Hi there,
I'm currently doing tests of IPC on different microkernels using Genode framework.
I modified hello_tutorial repo to utilize this very simple scenario where server and client communicate via RPC.
My set up is as follows: I ran "make run/hello" in each build directory of fiasco_x86, nova_x86_32, okl4_x86, pistachio_x86. These build directories are all created as is instructed on genode website. Then I modified etc/build.conf to enable kvm, and uncommented "libports" repo, and added "hello_tutorial" repo.
In client.h, re-implement the add() function as to invoke 10 call<Rpc_add>() functions in sequence (to mitigate the variation of elapse cycles). Before the first invocation and after the tenth invocation of call<Rpc_add>(), I invoke two rdtsc respectively and store the current cycle in two variables. Then before this add() function returns, I print out the difference between the two rdtsc results.
Depend on the different microkernel, the cycles elapsed along the 10 Rpc_add execution varies from around 80000(for okl4_x86) to 170000 (for fiasco_x86). That is, the cycles elapsing while executing ONE Rpc_add would be around 8000 to 17000 cycles, which seems very long.
So I want to know: is these results reasonable? Or I missed anything in my tests?
Thank you very much!
Yelly
Hello,
On 03.04.2018 05:00, yu000013 wrote:
Then I modified etc/build.conf to enable kvm...
...> That is, the cycles elapsing while executing ONE Rpc_add would be around
8000 to 17000 cycles, which seems very long.
So I want to know: is these results reasonable? Or I missed anything in my tests?
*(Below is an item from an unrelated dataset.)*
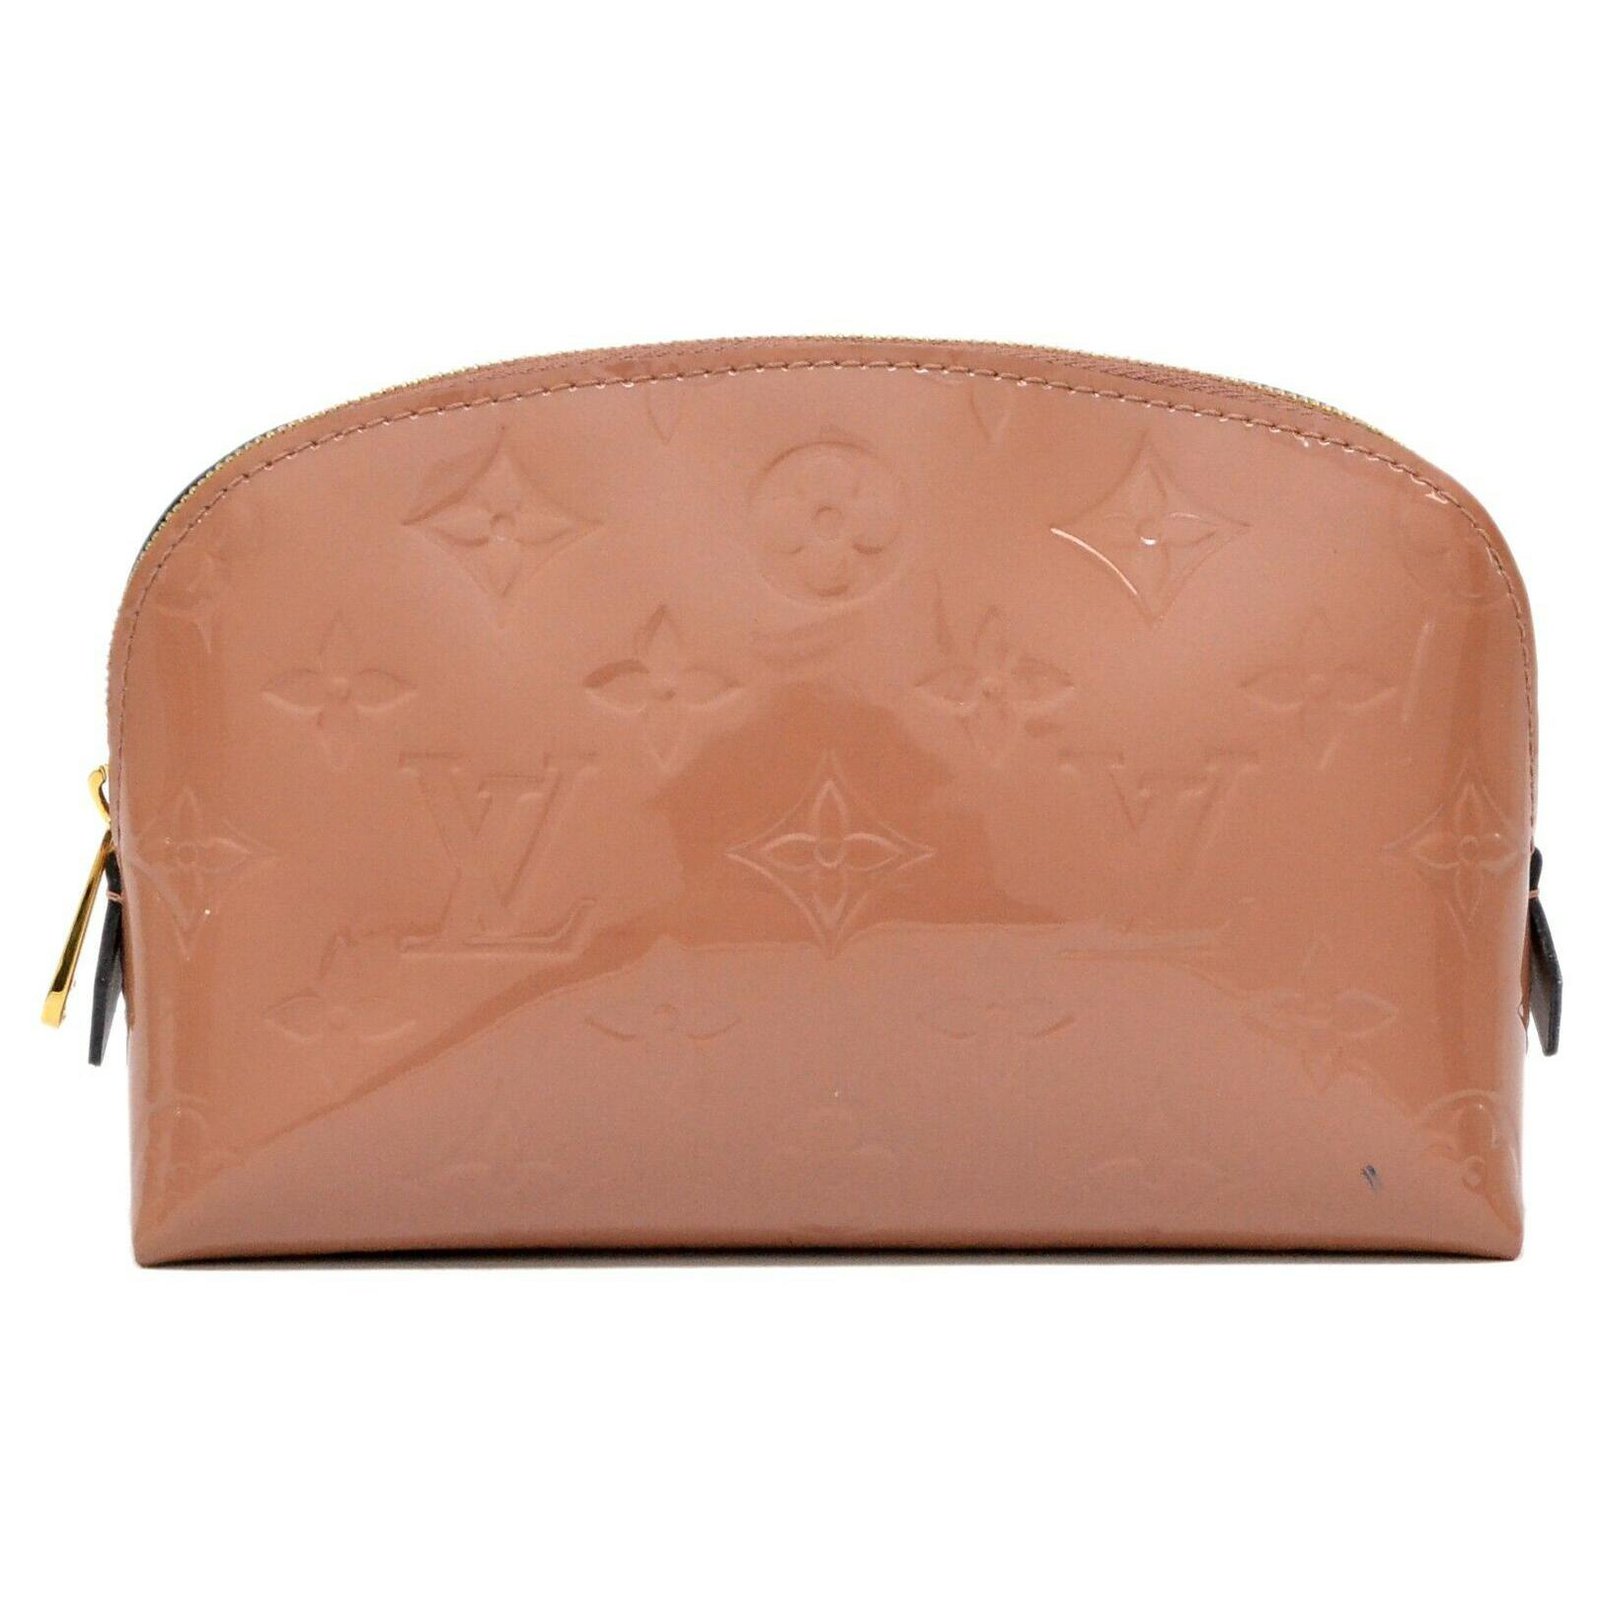 Patent leather vanity case Louis Vuitton Pink in Patent leather - 34308592

your intuition is right. The numbers are certainly skewed by running Genode in a virtual machine. To get reasonable numbers, you'll need to execute the benchmark on real hardware.
May I ask about the motivation behind these measurements? I fear that you may mistake the outcome of microbenchmarks to draw generalized conclusions like kernel X is faster than kernel Y. In real-world scenarios, performance is influenced by many other factors than IPC roundtrip times, like cache/TLB footprint, platform setup (clocks, caching, use of MSIs), scheduling, or the friction between the kernel interface and the user space. To give an example for the latter, traditional L4 kernels lack a mechanism for asynchronous notifications. On these kernels, Genode's signaling API is implemented by using synchronous IPC and the core component as a proxy service. Even though synchronous IPC is fast, asynchronous notifications have to carry a lot of overhead.
I encourage you to take your measurements at a higher level to attain meaningful information out of your work. Possible examples are the throughput and latency of the NIC session interface, latency of ROM session updates, IRQ session latency, duration of component startup, framebuffer access, timer accuracy, or the latency of delivering user input events. As Genode is a component-based system, the chaining of components is particularly interesting, e.g., how does the network performance suffer from piping the traffic through a number of bump-in-the-wire network-processing components?
Once one finds an interesting anomaly, a specially crafted microbenchmark that artificially magnifies the issue would be the right tool to pinpoint the problem.
Cheers Norman